BEGIN Given information

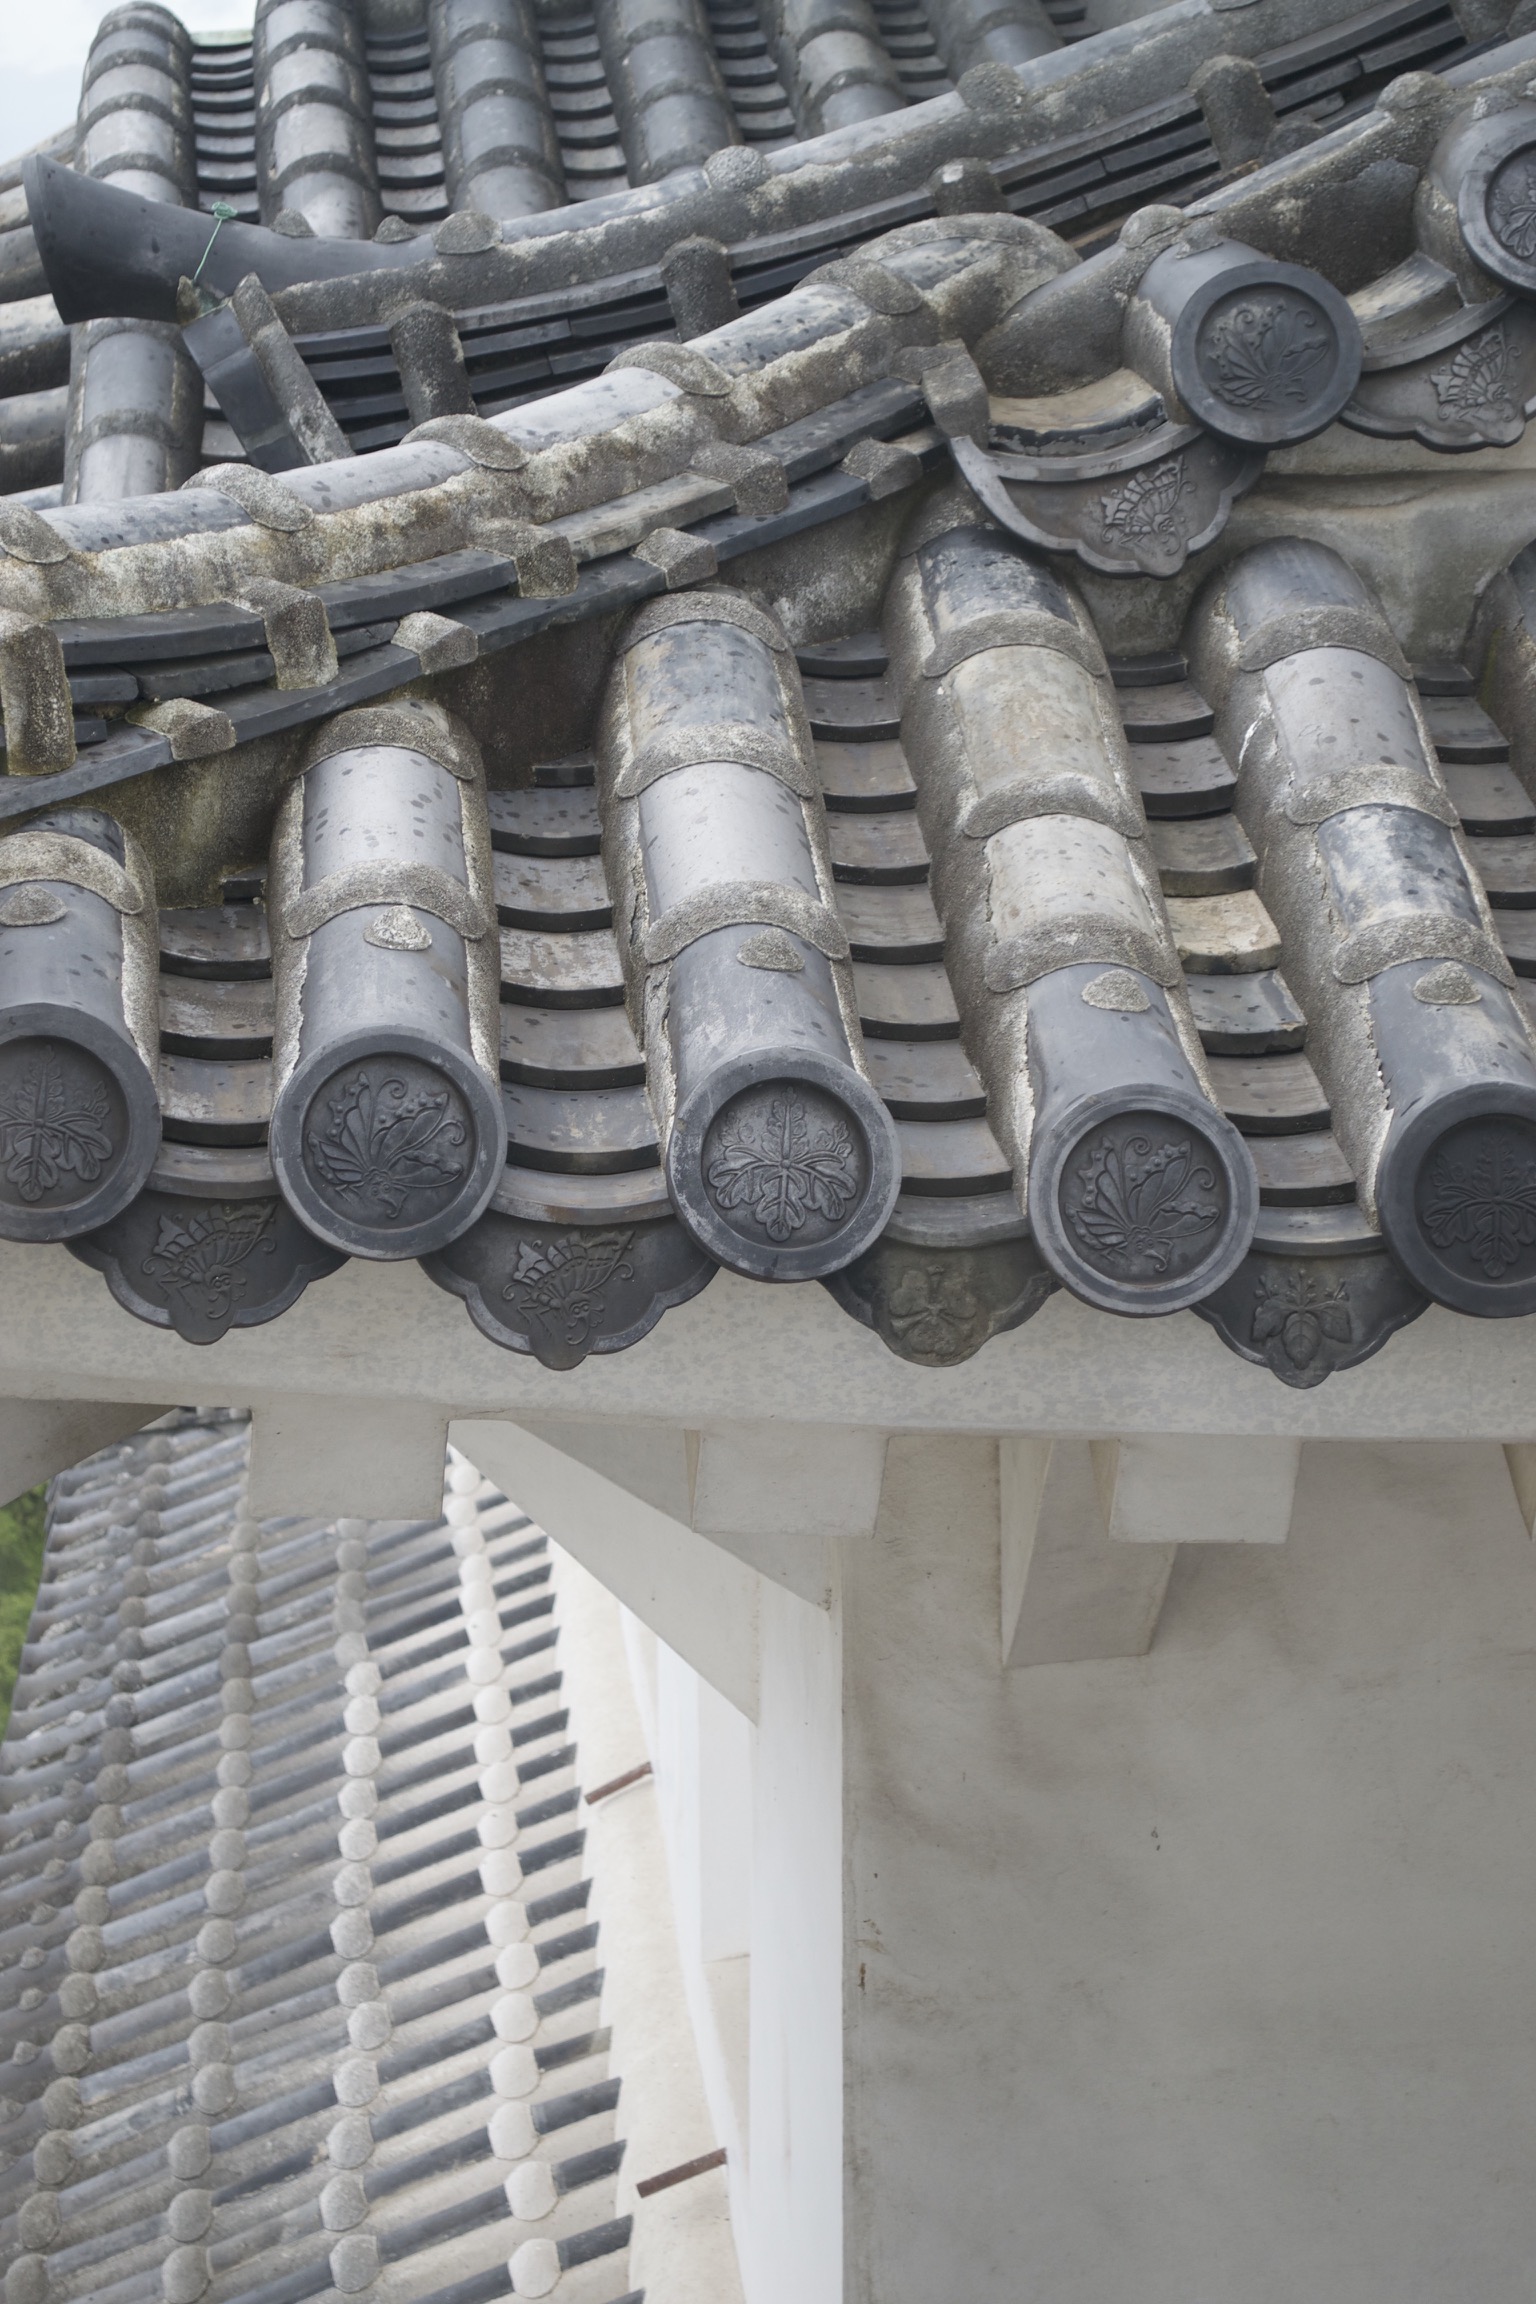 A close-up on the tiles shows circular caps at the end of the roof.
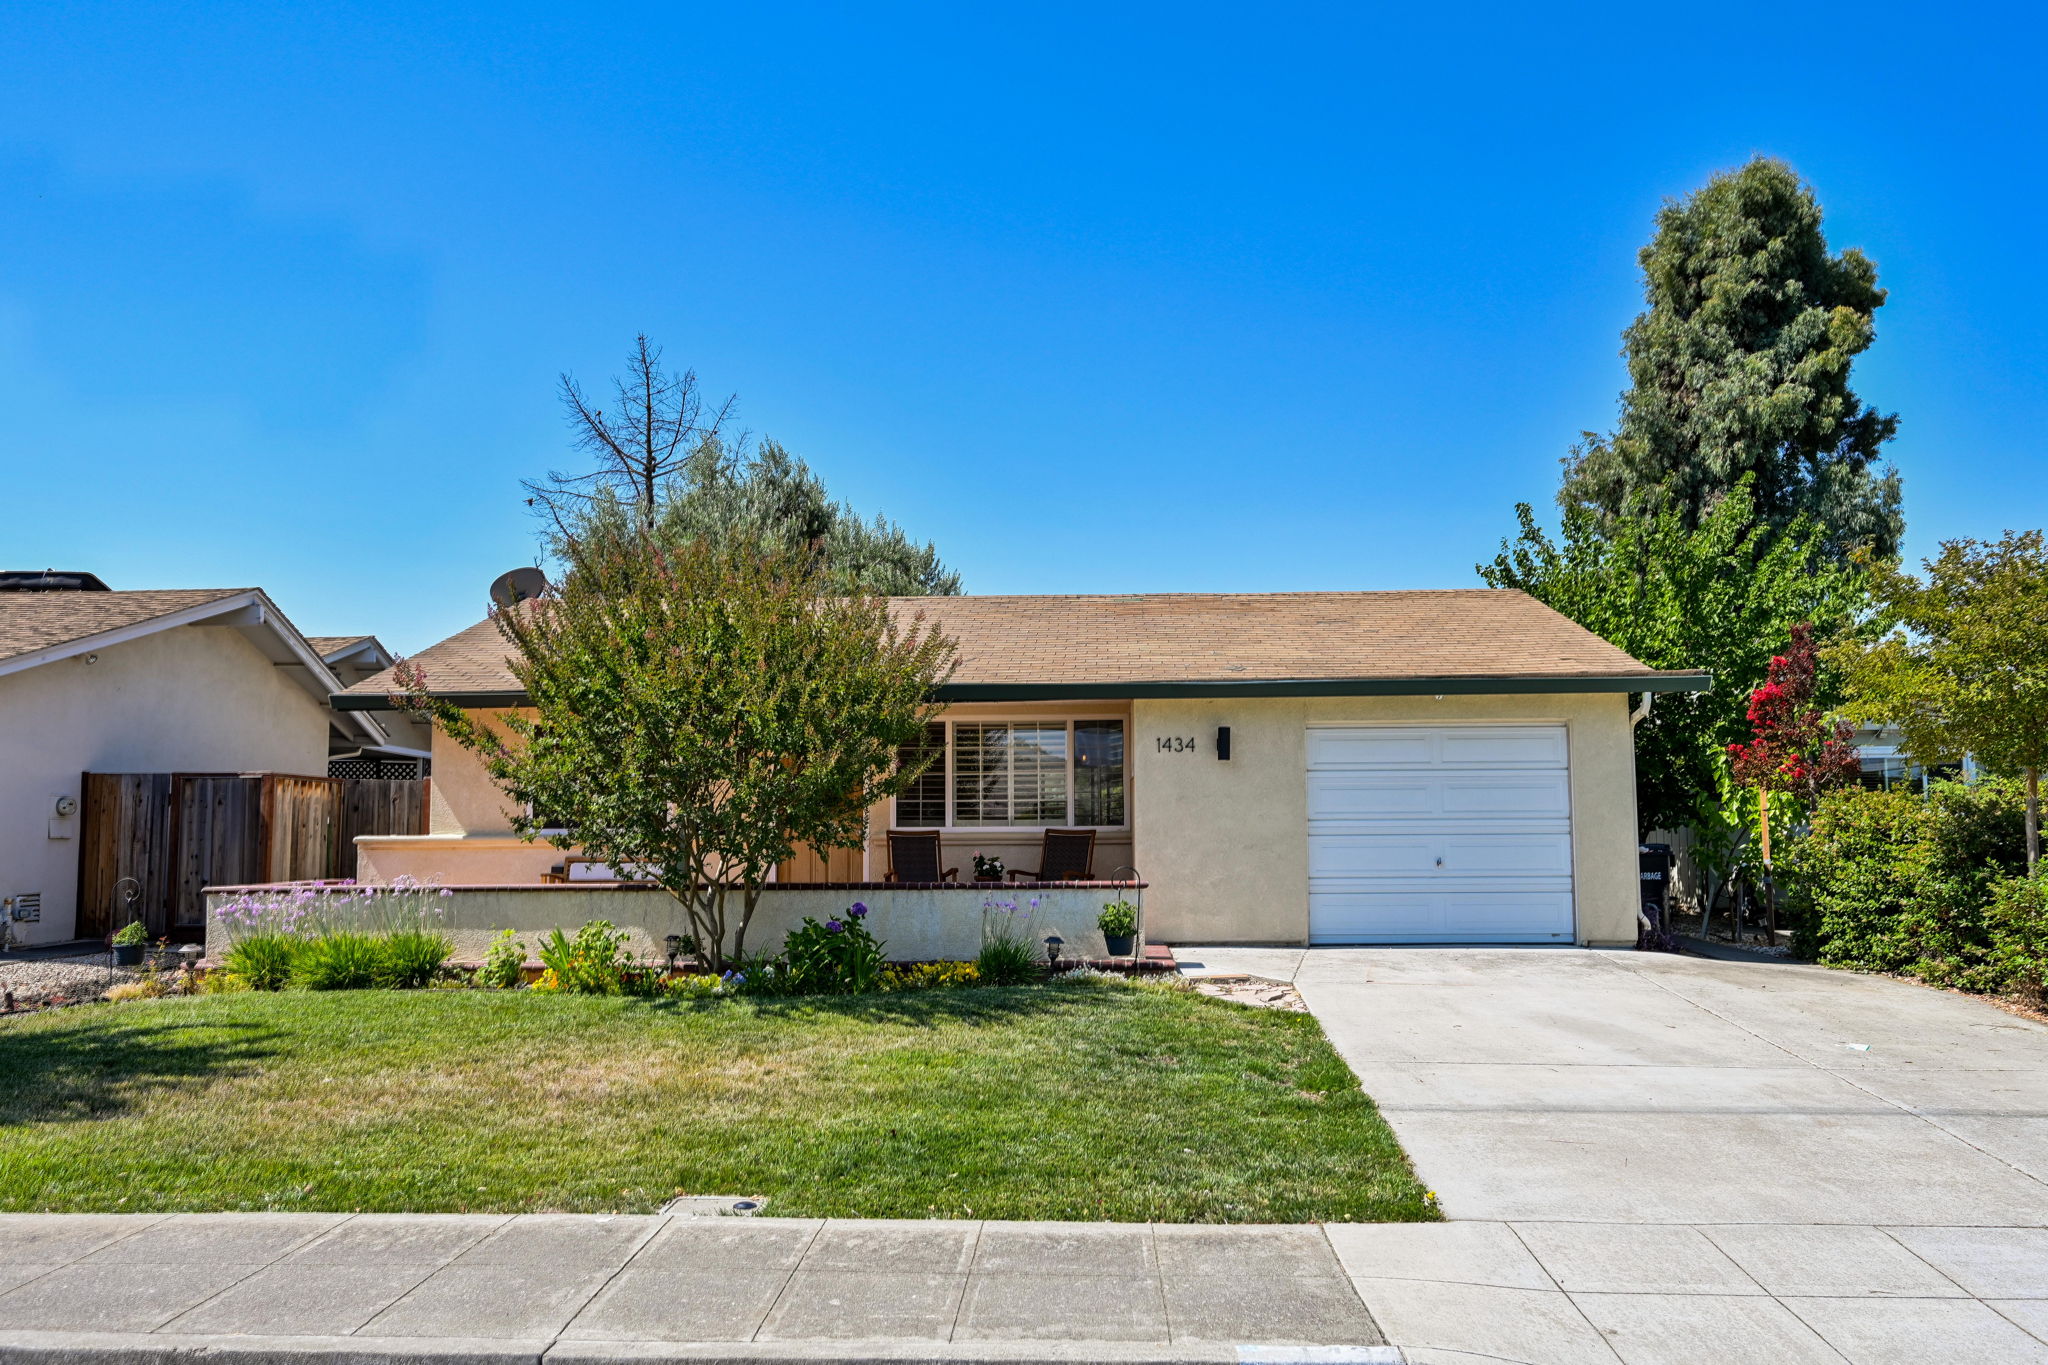  1434 Bluebell Dr, Livermore, CA 94551, US
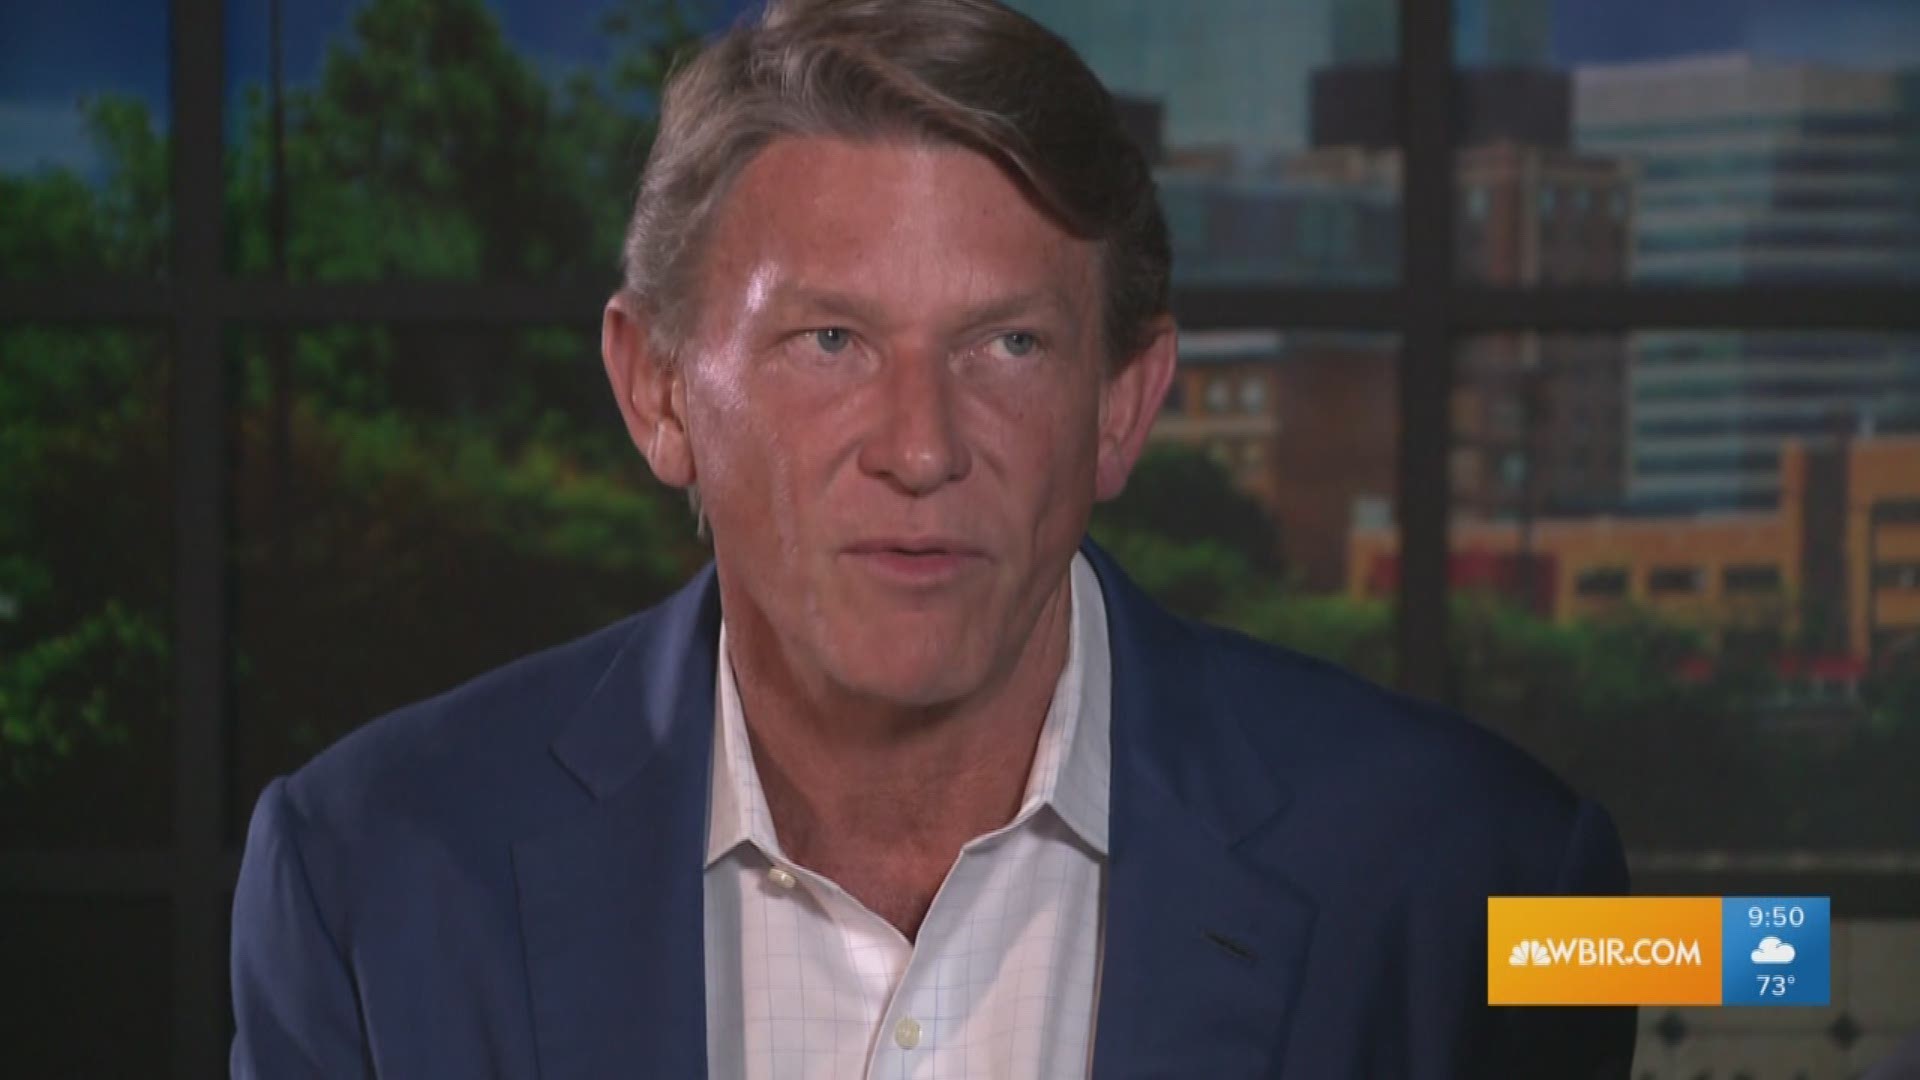 Entrepreneur and former gubernatorial candidate Randy Boyd talks about life after the campaign.

END Given information

#### Task
Copy out the material above in full and exactly, but with no pictures.

#### Exercise answer
 A close-up on the tiles shows circular caps at the end of the roof.
  1434 Bluebell Dr, Livermore, CA 94551, US
 Entrepreneur and former gubernatorial candidate Randy Boyd talks about life after the campaign.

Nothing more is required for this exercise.